I'm not sure what rounding behavior we have implemented in Acero and therefore the safest thing to do would be to reject all plans that are asking for a specific rounding behavior.
Assuming that the arithmetic operations are all ultimately implemented using standard library operations, you can query the current mode with fegetround()
(it's a global processor state thing). But unless an Arrow user goes out of their way to change the mode and this somehow propagates to all threads correctly, it's just going to be FE_TONEAREST
, which corresponds with Substrait TIE_TO_EVEN
(TIE_AWAY_FROM_ZERO
does not seem to be implemented by the standard library, the rest of the mapping should be fairly straightforward).
ETA: at least... that's how it works for the GNU C library. Looking at the C++ documentation better it might only affect some functions explicitly related to rounding. But in any case, any sane processor architecture and floating-point library implementation will be using TIE_TO_EVEN
unless otherwise specified, because it is the rounding mode that is least likely to be statistically biased for practical algorithms. It seems like a safe bet to me to accept both unspecified and TIE_TO_EVEN
.
It seems like a safe bet to me to accept both unspecified and TIE_TO_EVEN.
Worst case we find out when we get around to implementing Substrait function testing for this specific option :laughing: Nightmare fuel for @richtia
Pinged @lidavidm / @pitrou for a brief review of the Exp kernel. You can probably ignore the Substrait part if you want.
@drabastomek can I help move this forward?
@rok Yes, I think that would be helpful. I had agreed with @drabastomek offline to finish this up for him but hadn't gotten around to it yet. If you have a few cycles to address the review comments that would be appreciated!

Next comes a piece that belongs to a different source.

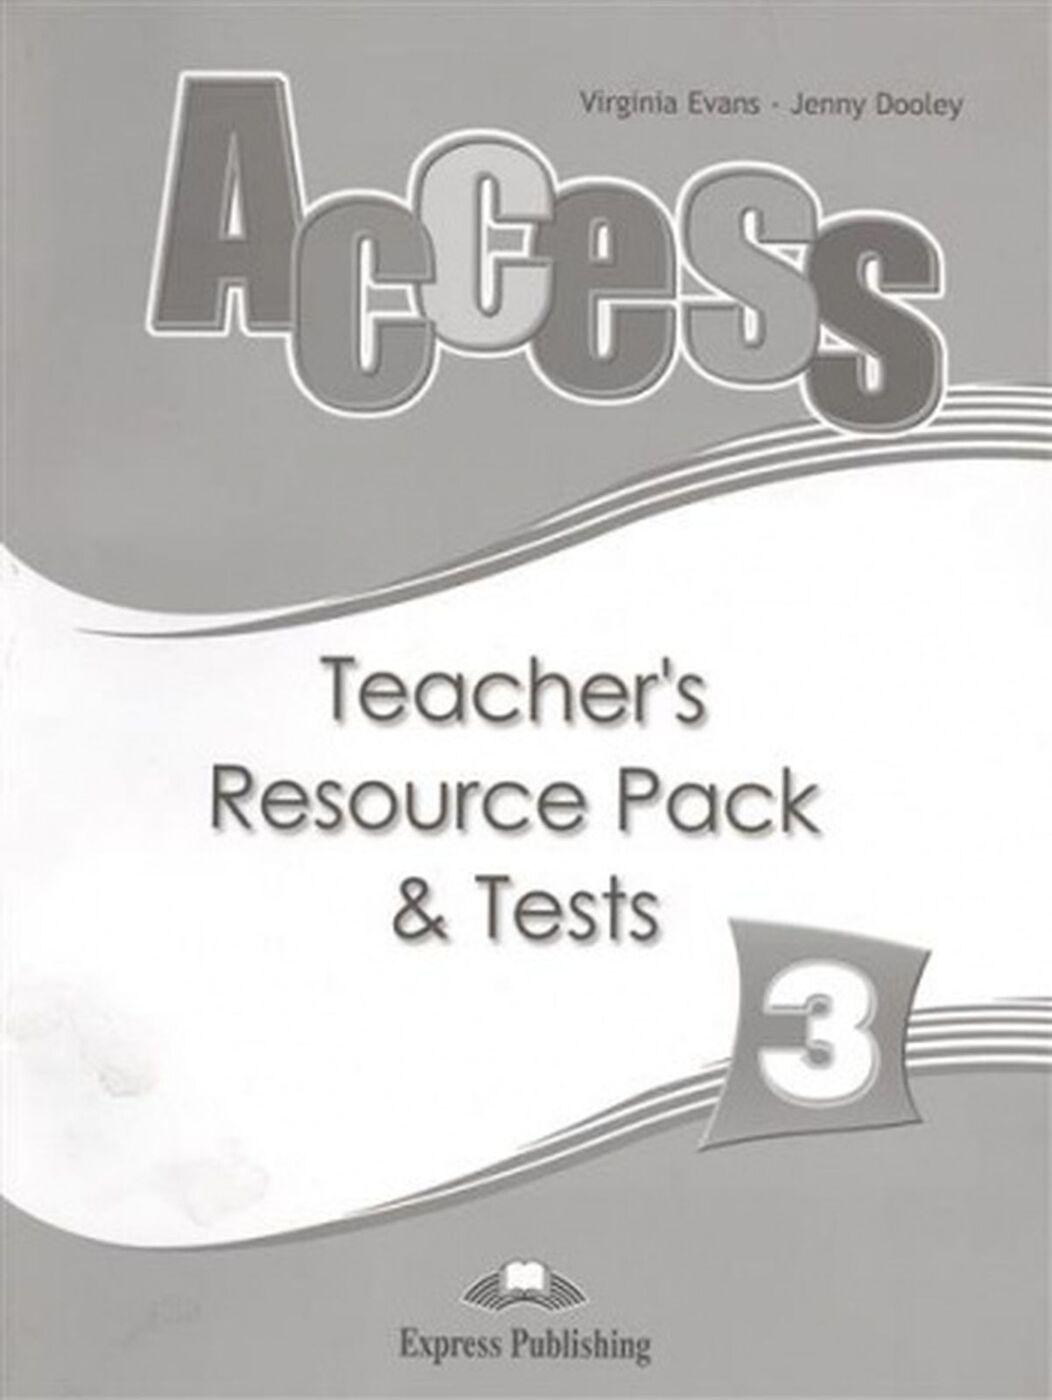 Virginia Evans, Jenny Dooley. Access 3: Teacher's Resource Pack & Tests | Дули Дженни, Эванс Вирджиния

@westonpace @rok Thanks guys! I had this on my radar for this week. I addressed the comments but would be great if @rok could have another look -- much appreciated!
@pitrou I've agreed with @drabastomek to implement the review feedback. Could you please take another look?

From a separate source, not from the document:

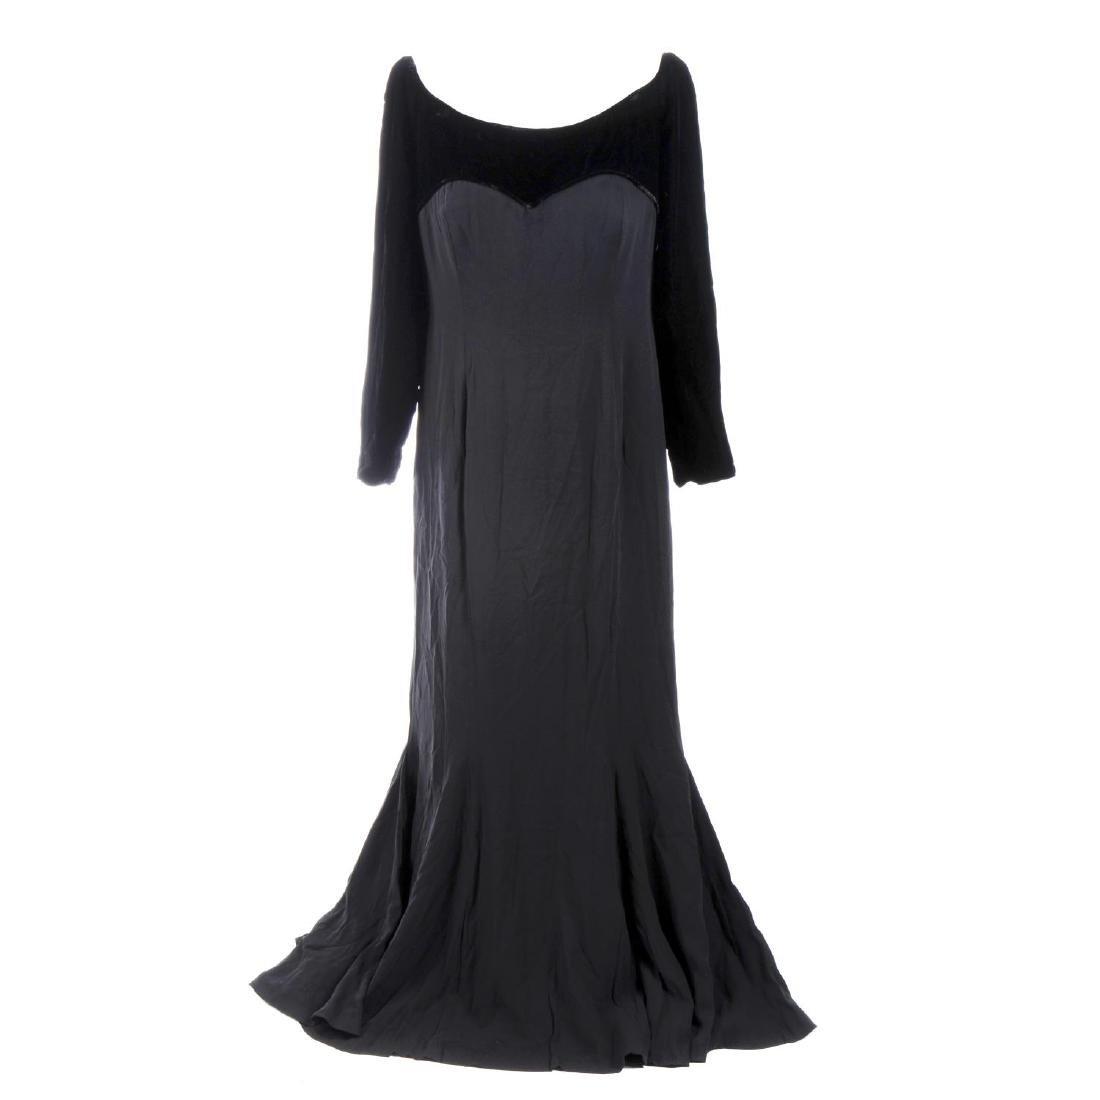 CATHERINE WALKER - a velvet dress. The black pure silk

@pitrou do you think this needs another pass?
Nice! Thanks @drabastomek & all!
Benchmark runs are scheduled for baseline = 0f87e6bf89211a989e4b77990b35d157655ea1a8 and contender = b5b0282516e04fd27cf59f3c05e849967d997cb4. b5b0282516e04fd27cf59f3c05e849967d997cb4 is a master commit associated with this PR. Results will be available as each benchmark for each run completes.
Conbench compare runs links:
[Failed :arrow_down:0.0% :arrow_up:0.0%] ec2-t3-xlarge-us-east-2
[Failed :arrow_down:0.74% :arrow_up:0.0%] test-mac-arm
[Failed :arrow_down:0.0% :arrow_up:0.0%] ursa-i9-9960x
[Failed :arrow_down:0.07% :arrow_up:0.0%] ursa-thinkcentre-m75q
Buildkite builds:
[Finished] b5b02825
ec2-t3-xlarge-us-east-2
[Failed] b5b02825
test-mac-arm
[Failed] b5b02825
ursa-i9-9960x
[Failed] b5b02825
ursa-thinkcentre-m75q
[Failed] 0f87e6bf
ec2-t3-xlarge-us-east-2
[Finished] 0f87e6bf
test-mac-arm
[Finished] 0f87e6bf
ursa-i9-9960x
[Finished] 0f87e6bf
ursa-thinkcentre-m75q
Supported benchmarks:
ec2-t3-xlarge-us-east-2: Supported benchmark langs: Python, R. Runs only benchmarks with cloud = True
test-mac-arm: Supported benchmark langs: C++, Python, R
ursa-i9-9960x: Supported benchmark langs: Python, R, JavaScript
ursa-thinkcentre-m75q: Supported benchmark langs: C++, Java
Thank you all for the support with this!